◆ **Task to carry out**
Produce the lines from the one containing "Early 20th century" through the end of the material exactly as they appear, both ends included, and leave the pictures out.
====== Dataset extract ======
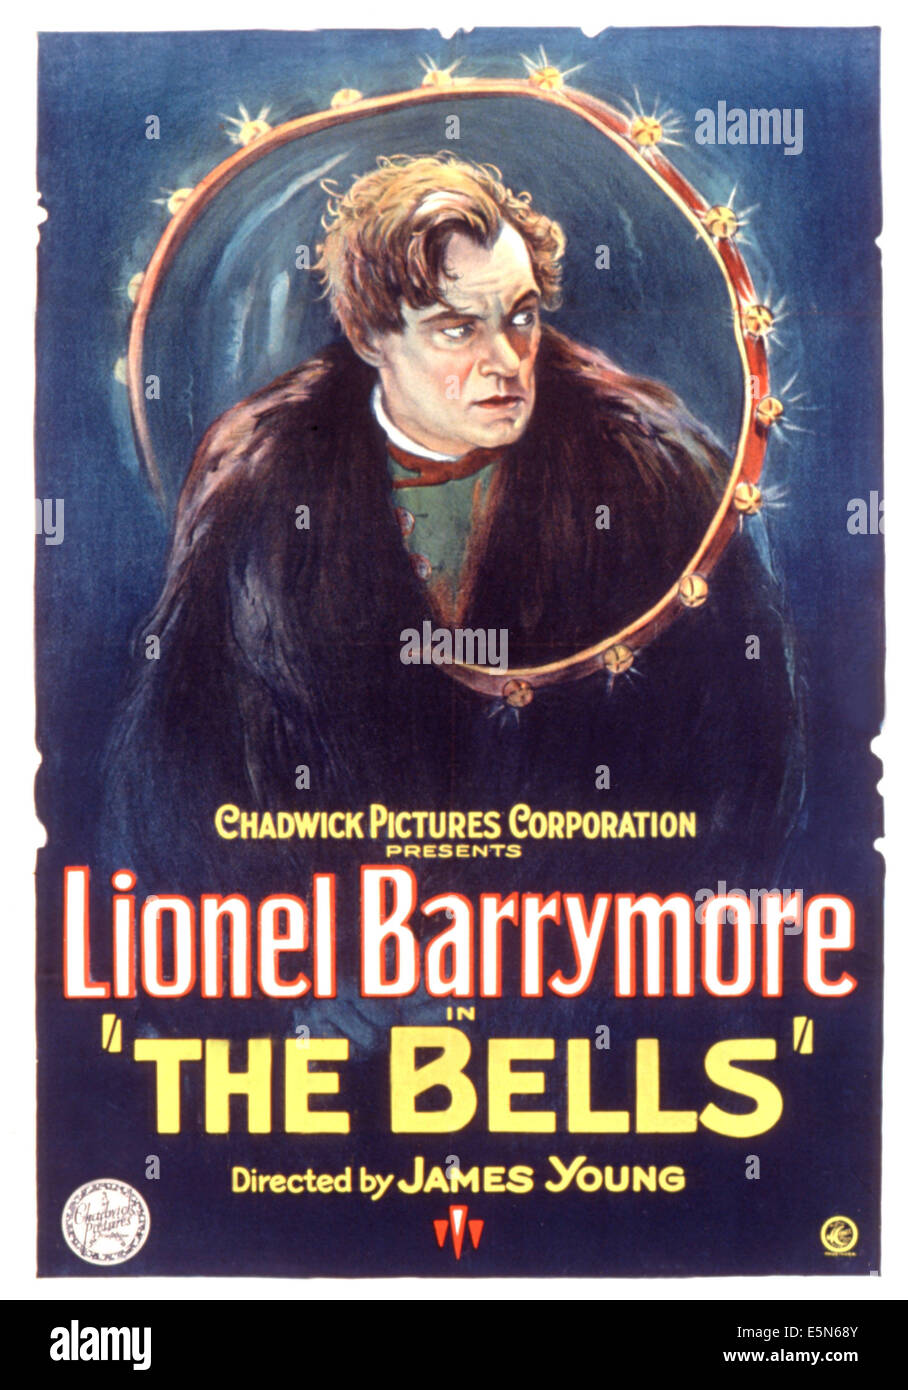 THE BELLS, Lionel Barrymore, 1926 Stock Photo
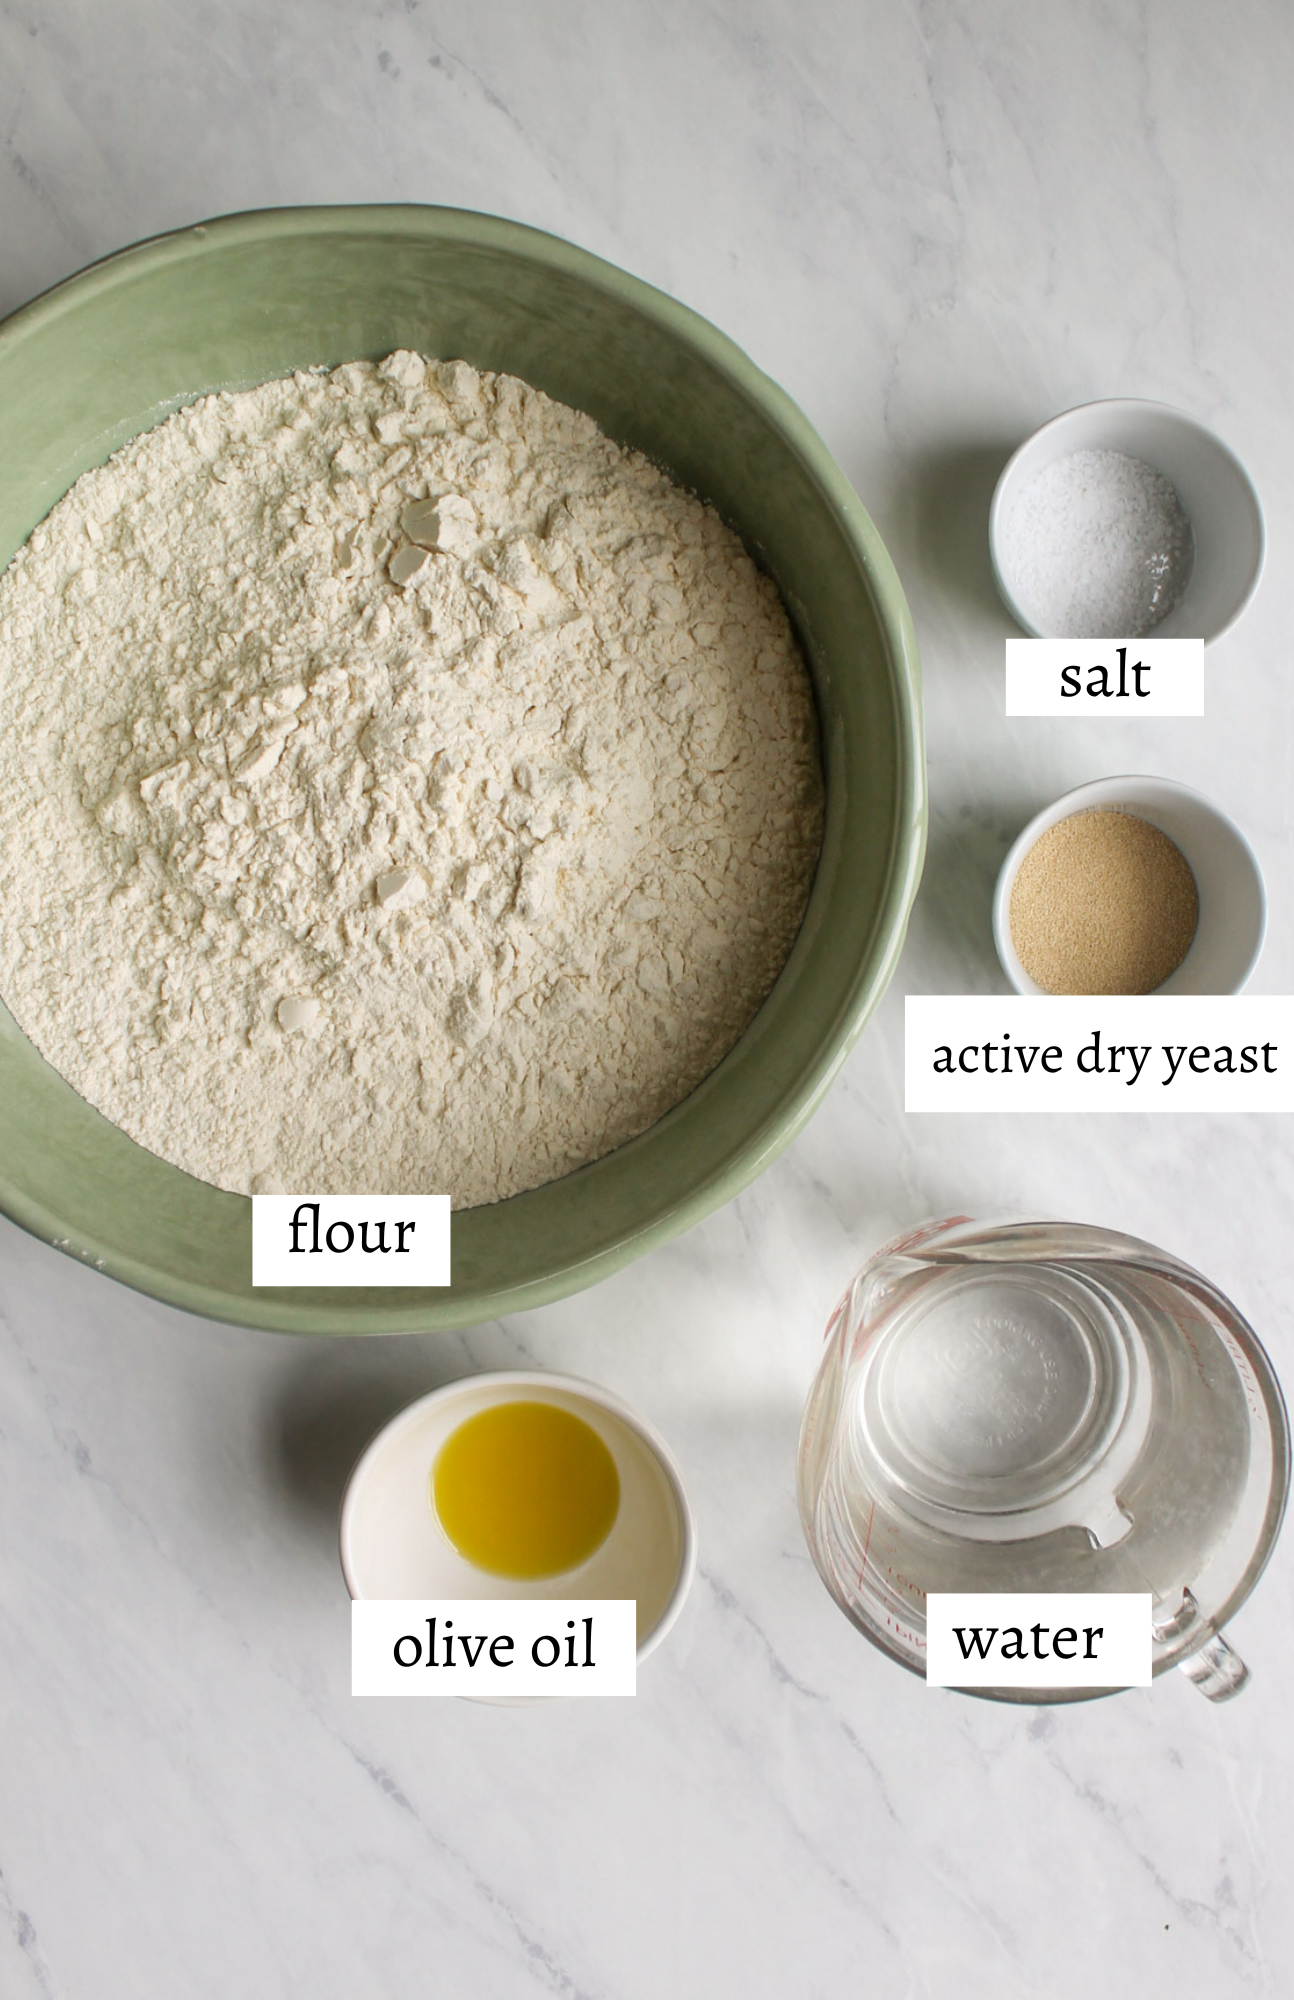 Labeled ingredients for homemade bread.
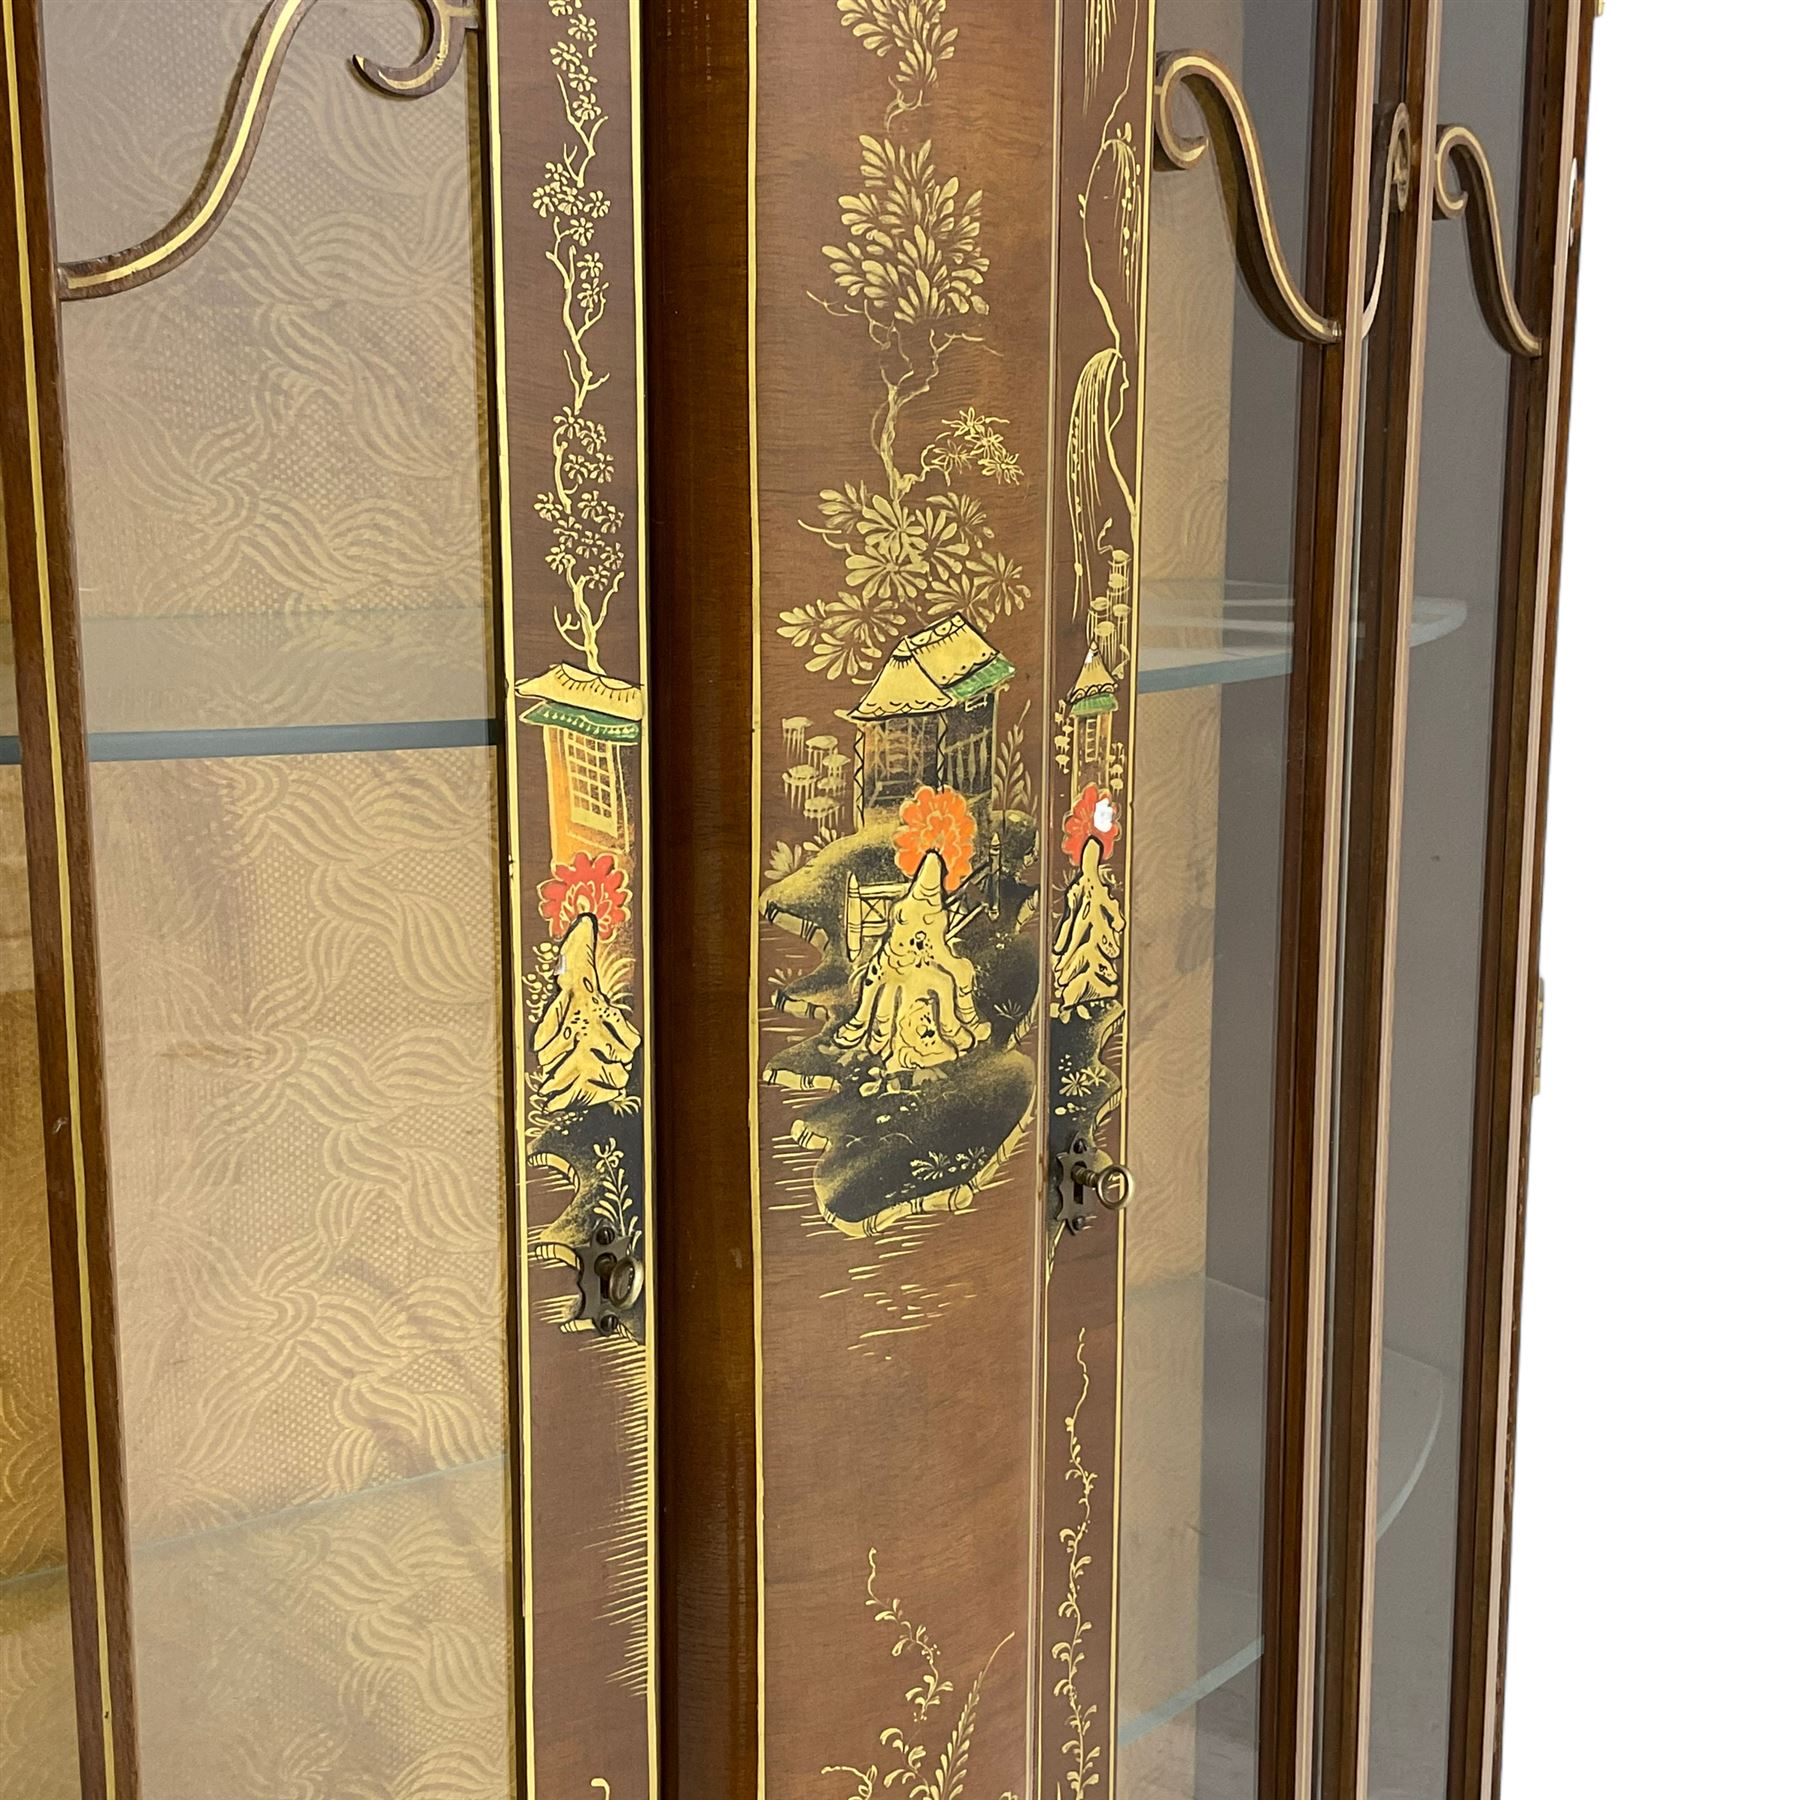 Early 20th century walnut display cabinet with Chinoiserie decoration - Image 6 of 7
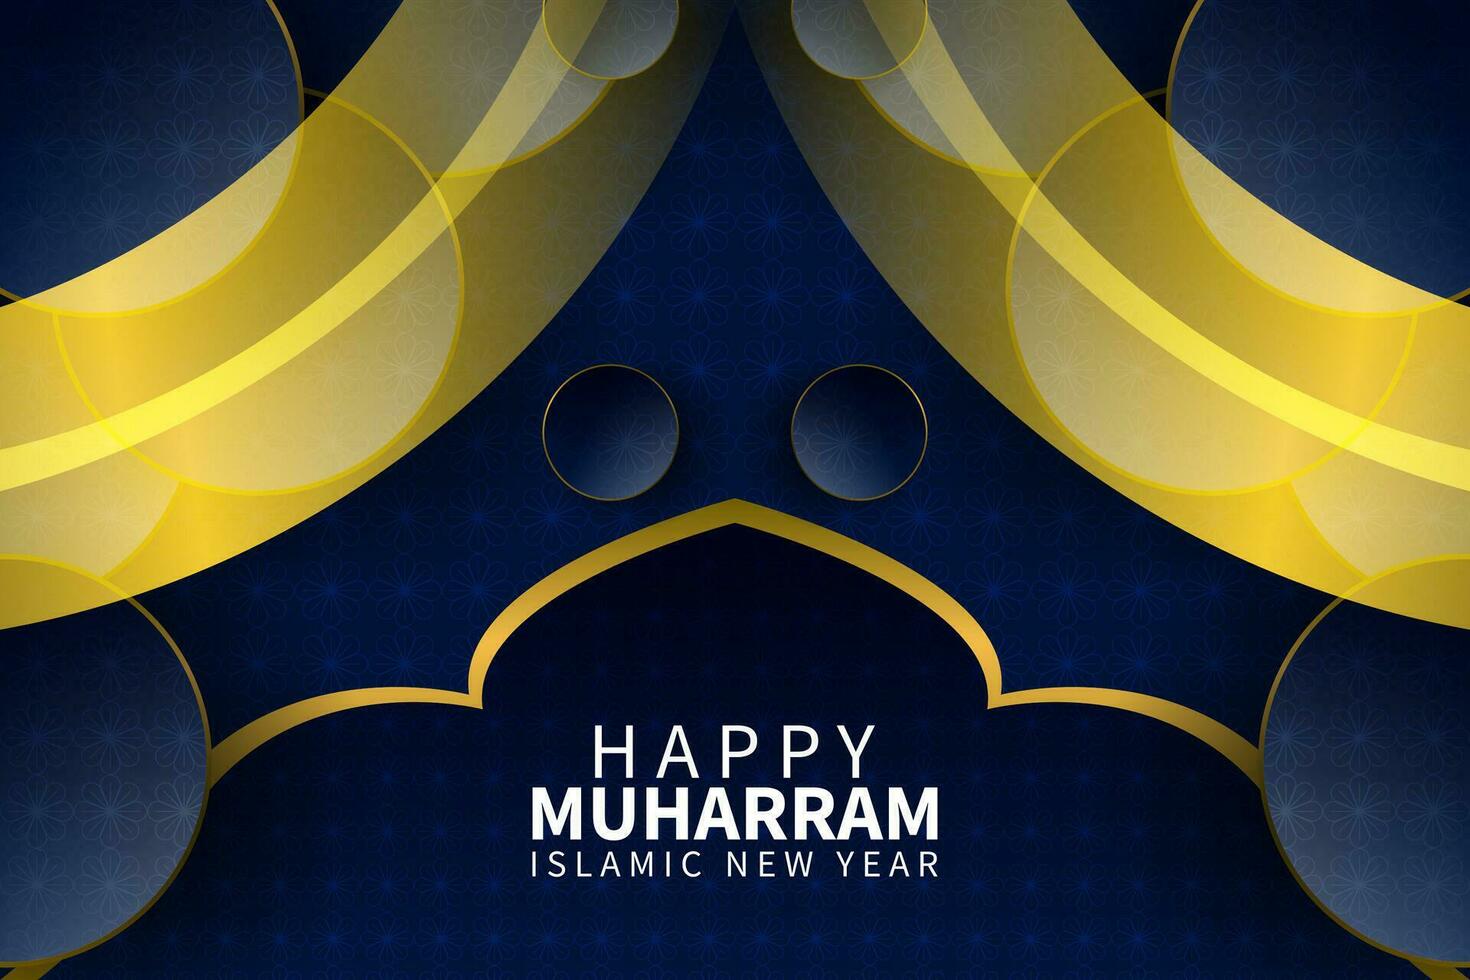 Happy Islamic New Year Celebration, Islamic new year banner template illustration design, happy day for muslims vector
======
◆ **Output for this exercise**
 Early 20th century walnut display cabinet with Chinoiserie decoration - Image 6 of 7
 Happy Islamic New Year Celebration, Islamic new year banner template illustration design, happy day for muslims vector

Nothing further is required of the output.